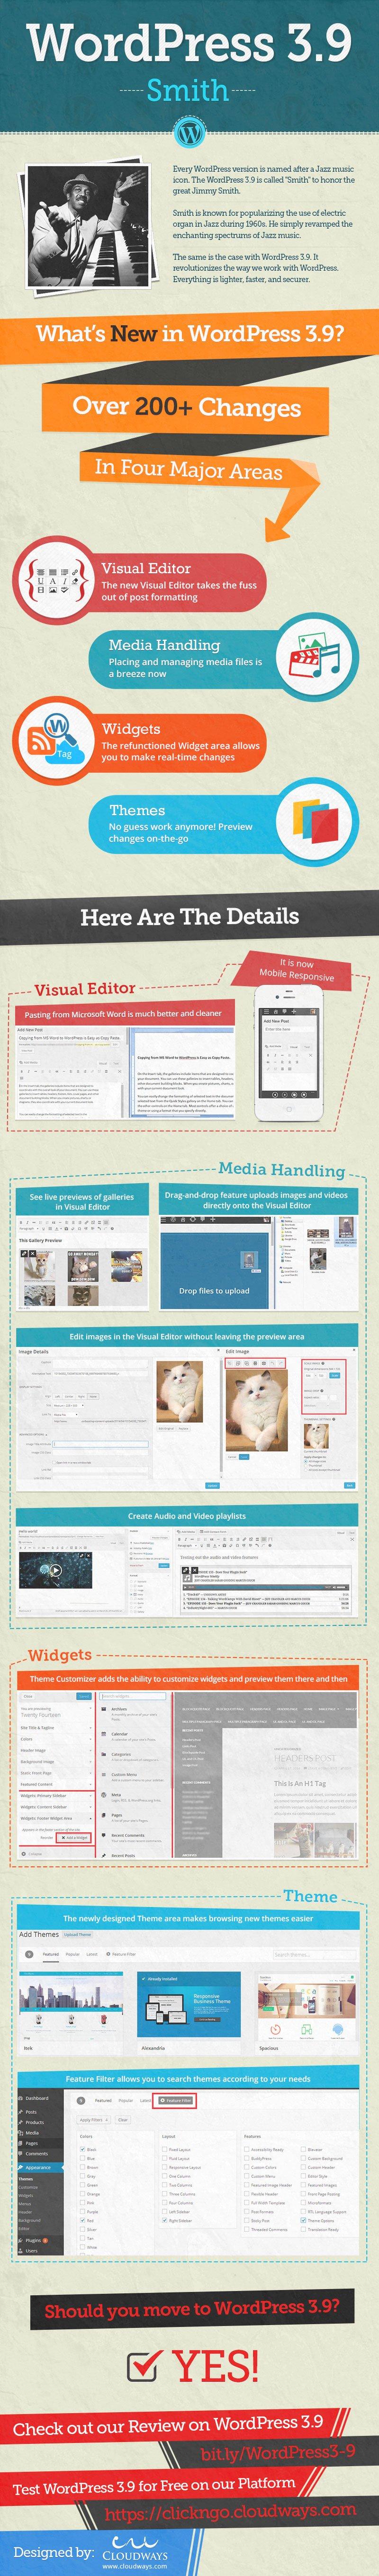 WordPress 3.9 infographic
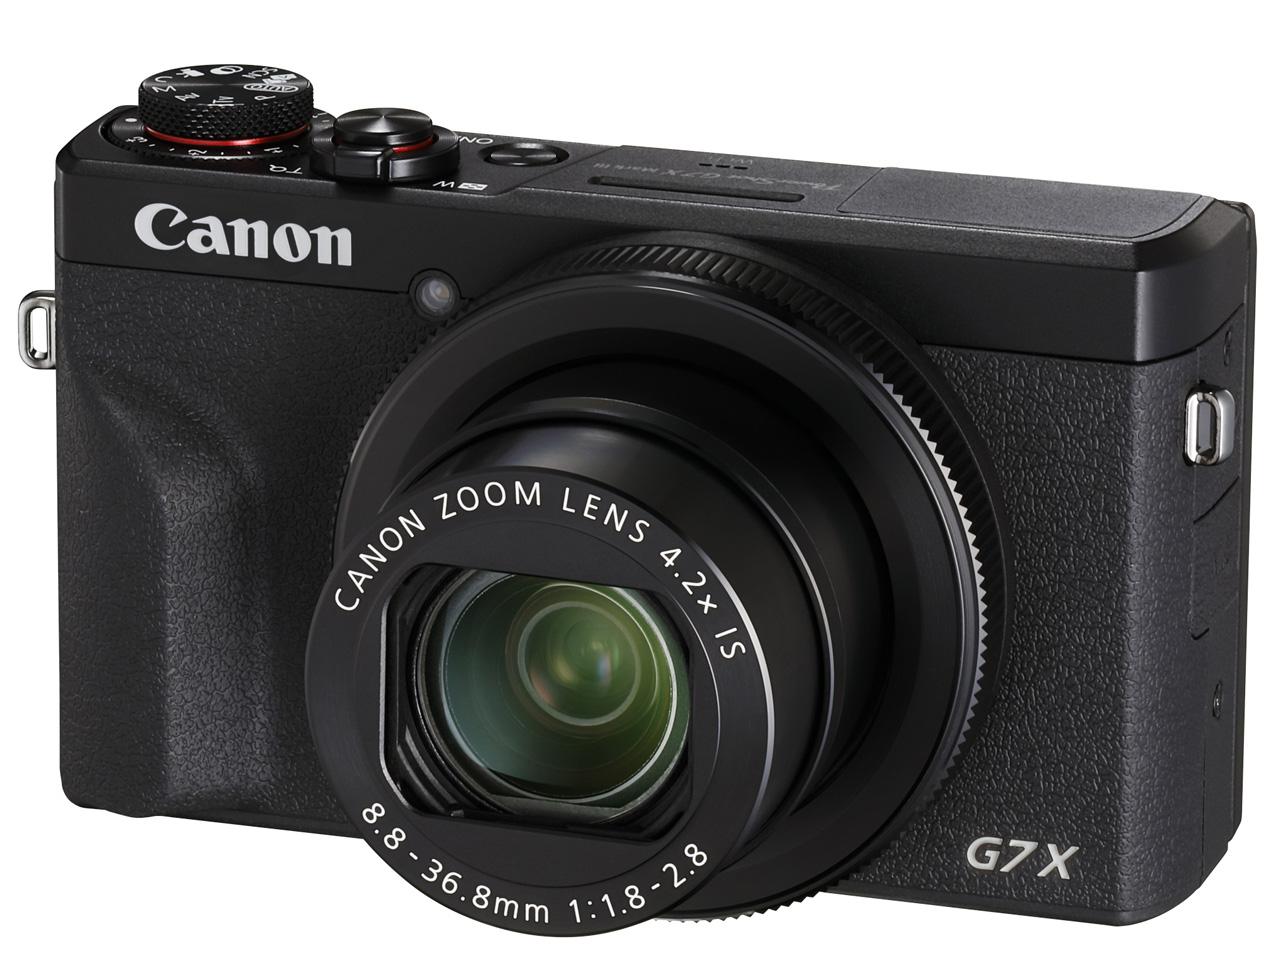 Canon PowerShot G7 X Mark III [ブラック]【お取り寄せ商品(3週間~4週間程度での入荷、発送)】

——

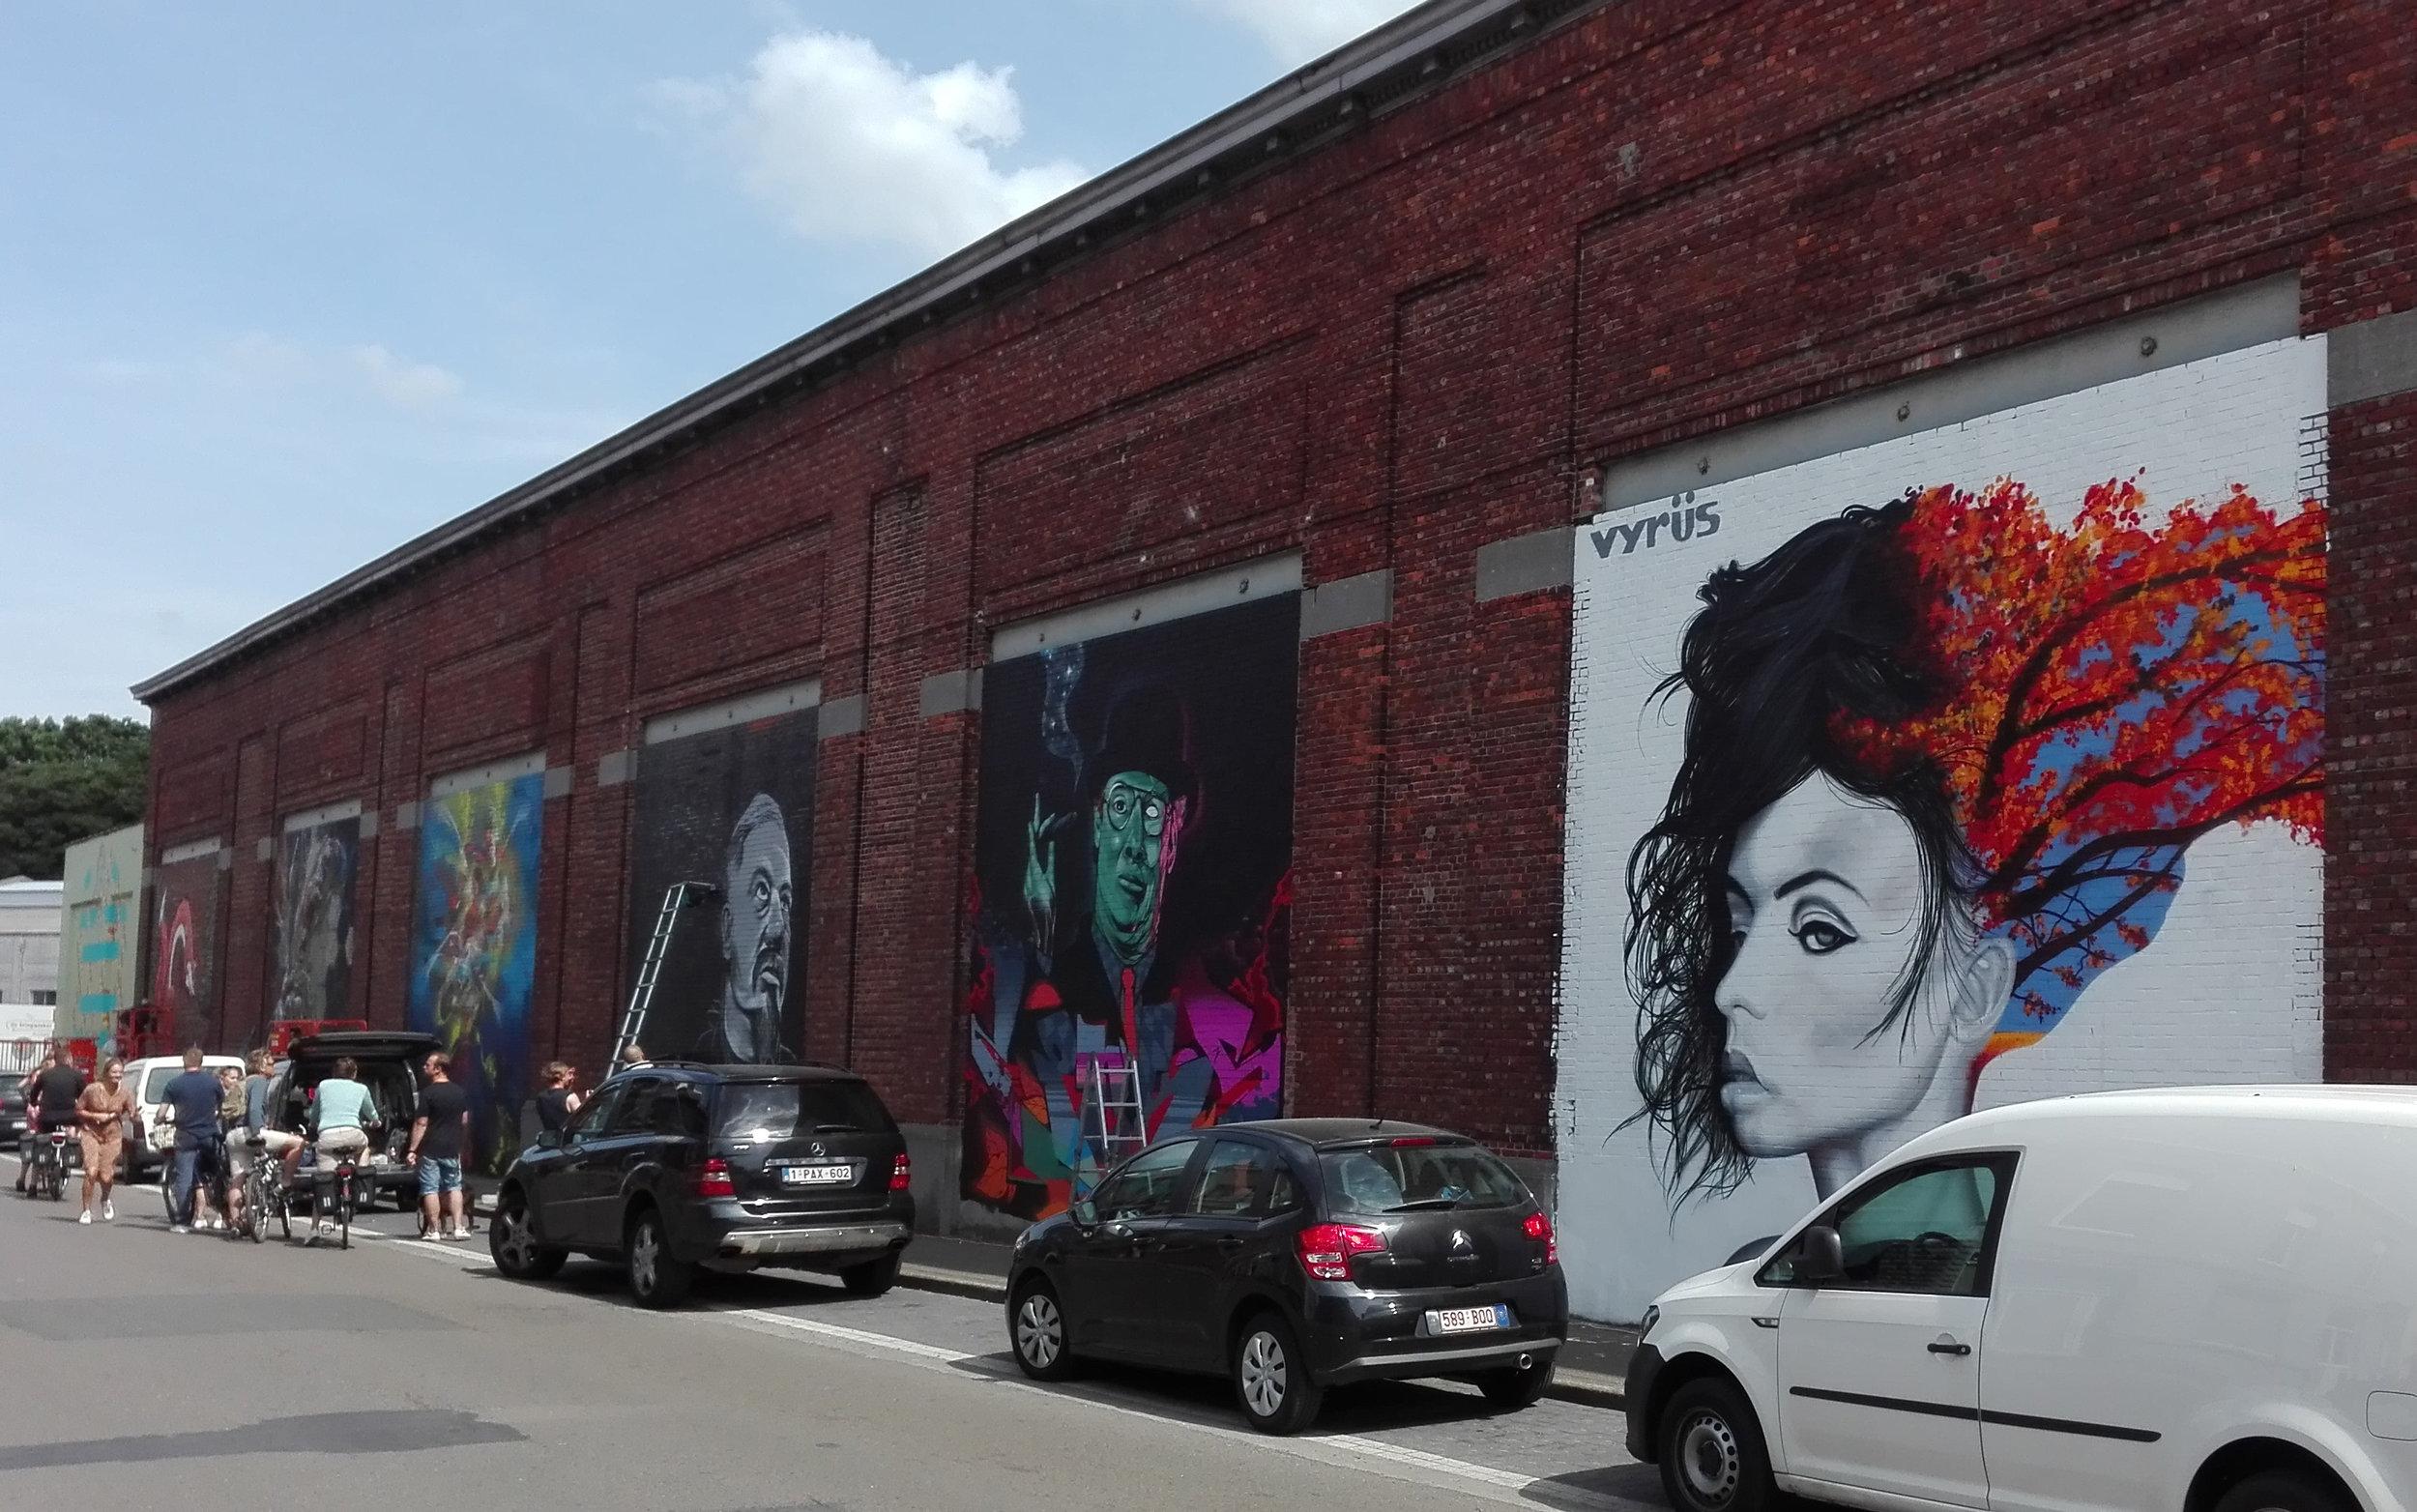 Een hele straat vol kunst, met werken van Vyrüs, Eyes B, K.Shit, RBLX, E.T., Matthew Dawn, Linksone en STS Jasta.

——

• **Exercise**:
Reproduce the listing above only between the lines holding "WordPress 3.9 infographic" and "Canon PowerShot G7", inclusive. Every line must match exactly, and pictures are dropped.

• **Expected output**:
 WordPress 3.9 infographic
 Canon PowerShot G7 X Mark III [ブラック]【お取り寄せ商品(3週間~4週間程度での入荷、発送)】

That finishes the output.